However, in practice the camera, the imaging plane of the camera is sensitive chip, the pinhole lens is, however, did not in the main point of the center of the imaging plane (i.e. the center of the lens optical axis with the sensor chip is not in a line), because in actual production, we can not do the camera is an imaging means installed inside a precision of micron level, we need to introduce two new parameters Cx and Cy, our hardware to be corrected offset:

 

 


 

In the above formula we introduce two different focal lengths fx and fy, since a single pixel in the image forming apparatus is low rectangular rather than square. Wherein, fx is the product of the unit size of each physical Sx focal length of the imaging lens of the apparatus.

 

 

By the above equation we can know four parameters of the camera's internal reference , and are fx, fy, Cx, Cy. But in the calculations, we used to come to a certain transformation by some mathematical skills, resulting in the following equation:

 

 


 

among them:

 

 

 

Through the above formula, we can point in space and picture match point up. M matrix equation is that we often hear the camera matrix of intrinsic a.

External camera parameters

Internal reference and a camera, there is the outer camera parameters, the camera parameters from the camera itself outside the distortion, the distortion can be divided into radial distortion (shape of the lens have caused) and shear (caused by the installation process itself entire camera) to the Distortion .

 

 


 

Image distortion caused by the lens shape itself, a good lens, after some sophisticated processing, distortion is not obvious, but on the regular network camera distortion is particularly prominent. We can be seen as a distortion near r = 0 the number of Tai Leqi expanded to several former is. Typically two for the former k1, k2, for the fisheye lens, will use the first three k3. The radial position of a point can be adjusted according to the following equation on the image forming apparatus, then we will have two or three unknown variables:

 

 

At this point, we get a total of five parameters: K1 K2 K3 P1 P2  , these five parameters are necessary for us to eliminate distortion, distortion called a vector, also known as external camera parameters.

 

 

 

Tangential distortion due to manufacturing defects of the lens is not parallel to the imaging plane is generated. It can be cut by two parameters p1 and p2 to represent the distortion:

 

 

 

 

 

 

At this point, we get a total of five parameters: K1 K2 K3 P1 P2  , these five parameters are necessary for us to eliminate distortion, distortion called a vector, also known as external camera parameters.

Camera Calibration

To participate in the off-camera in the above, the camera reference a total of at least eight parameters, and we want to eliminate camera distortion and camera calibration to rely on to solve the eight unknown parameters.

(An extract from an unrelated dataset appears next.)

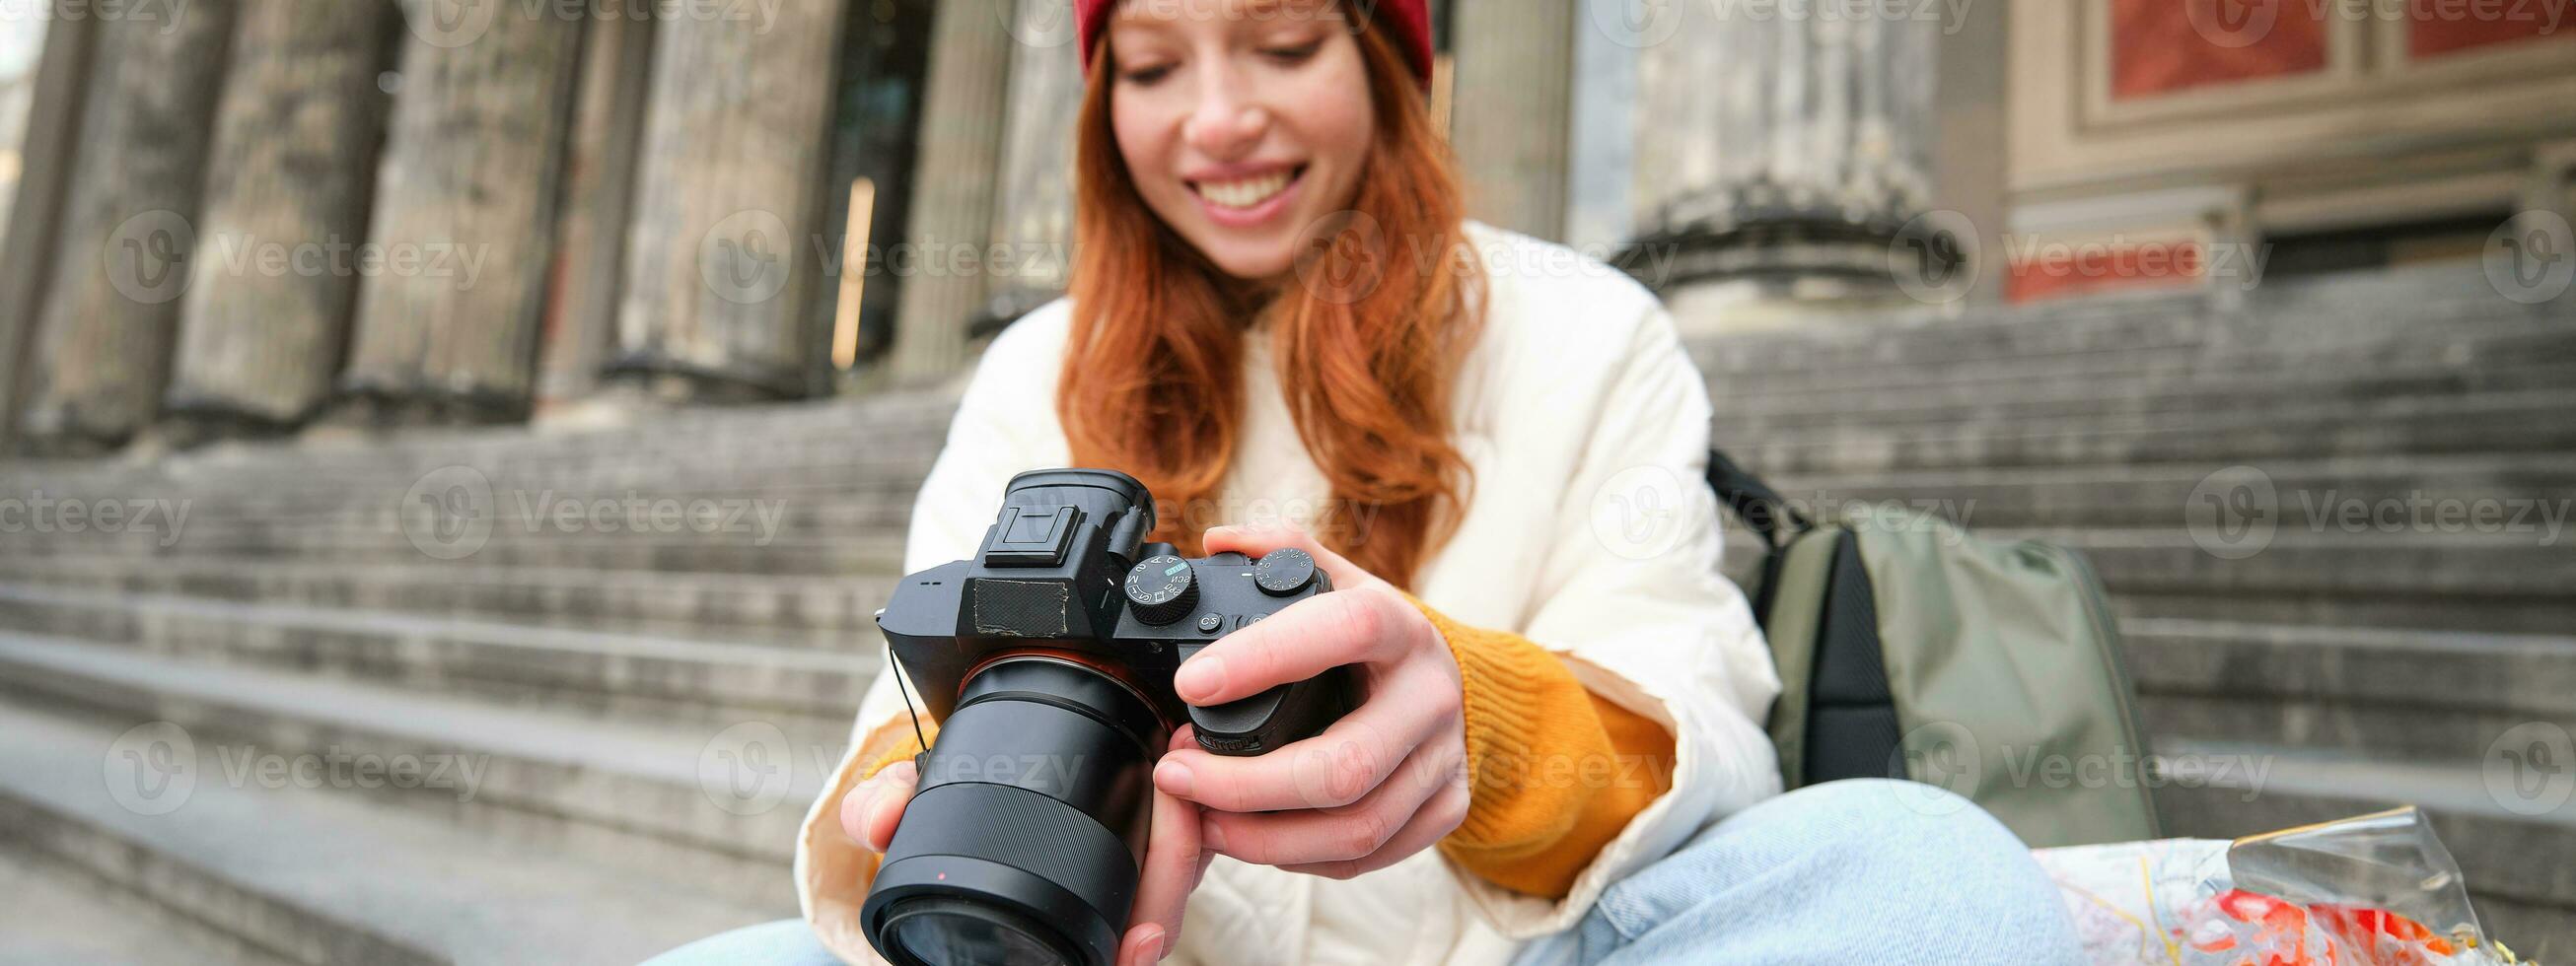 jong leerling, fotograaf zit Aan straat trap en cheques haar schoten Aan professioneel camera, nemen foto's buitenshuis foto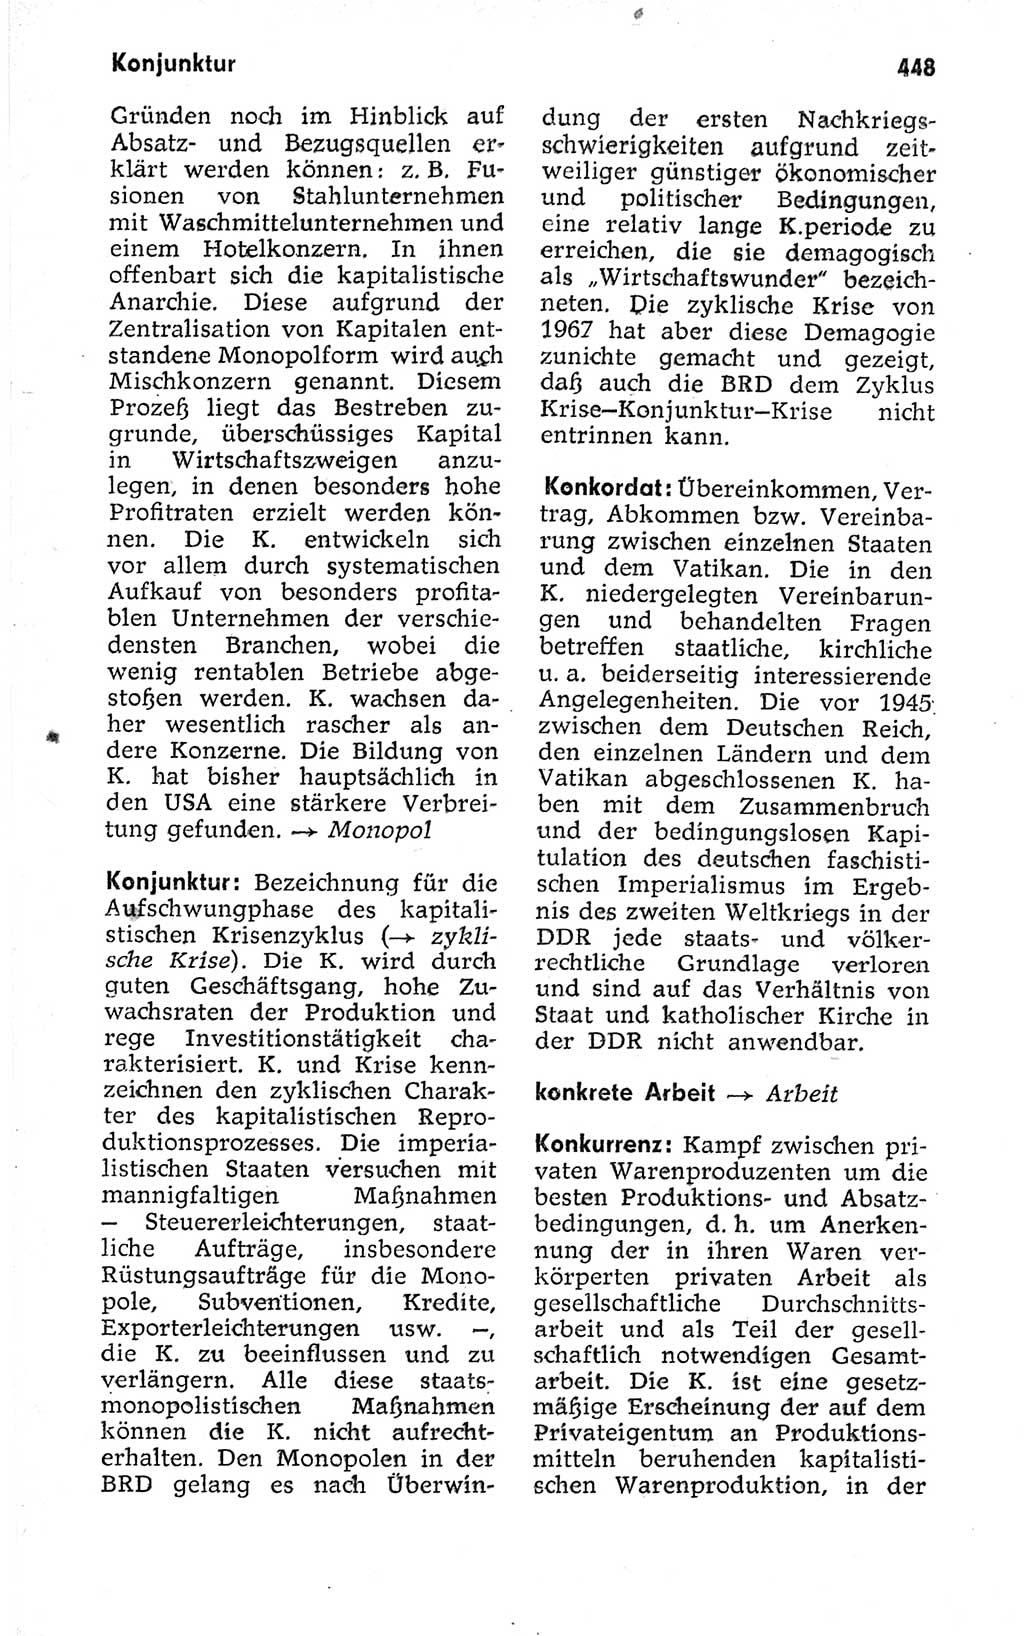 Kleines politisches Wörterbuch [Deutsche Demokratische Republik (DDR)] 1973, Seite 448 (Kl. pol. Wb. DDR 1973, S. 448)

Finished camera model, have to say about the camera calibration, camera calibration in order to solve these eight parameters above, that solved the eight parameters can be doing it? Software can eliminate distortion, that is, after the above eight parameters, using mathematical formulas listed above, the offset of each pixel homing.

Calibration need to use a called calibration plate thing, there are many types, but the common is probably drawing board, and the board requires a very high accuracy requirements, grid square, very expensive to buy a calibration plate, in csdn figure also up and down the board c to draw a lot of money, so you can draw a word, very simple, just do a five row table 7, widened to a full page, and then set the width and height of each grid square to set it again painted on it. Signed this picture, but there is no print out, I suggest that you own a painting on OK.

 

 

 

The calibration process is carried out using MATLAB, the process is not here to say, tutorials on CSDN grasping a lot, MATLAB will return the camera's internal control and external reference after the completion of the calibration. On the principle of "learning oepncv3" This book has been said very good, except according to the book copy I can not say anything new, but today, the principles do not understand it does not matter.

With the camera outside internal control parameters, we can carry cameras eliminate distortion of:


#include <opencv2/opencv.hpp>#include <opencv2\highgui\highgui.hpp>#include <iostream>#include <stdio.h>
using namespace std;

CV namespace the using;
const int imageWidth = 640; // define the image size, i.e., the resolution of the camera 

const int imageHeight = 480;

ImageSize = Size Size (imageWidth, imageHeight); Mat MapX, mapy; // camera internal reference

CameraMatrix = MAT (Mat_ <Double> (. 3,. 3) << 273.4985, 0, 321.2298,0, 273.3338, 239.7912,0, 0,. 1); // external camera parameters

Mat distCoeff = (Mat_<double>(1, 4) << -0.3551, 0.1386,0, 0);

:: = R & lt Eye Mat Mat (. 3,. 3, CV_32F);
VideoCapture CAP1;  // open the camera
void img_init (void)  // initialize camera

{  cap1.set(CAP_PROP_FOURCC, 'GPJM'); 

cap1.set(CAP_PROP_FRAME_WIDTH, imageWidth);  

cap1.set(CAP_PROP_FRAME_HEIGHT, imageHeight);}
int main(){  initUndistortRectifyMap(cameraMatrix, distCoeff, R, cameraMatrix, imageSize, CV_32FC1, mapx, mapy);  Mat frame;  img_init();while (1) 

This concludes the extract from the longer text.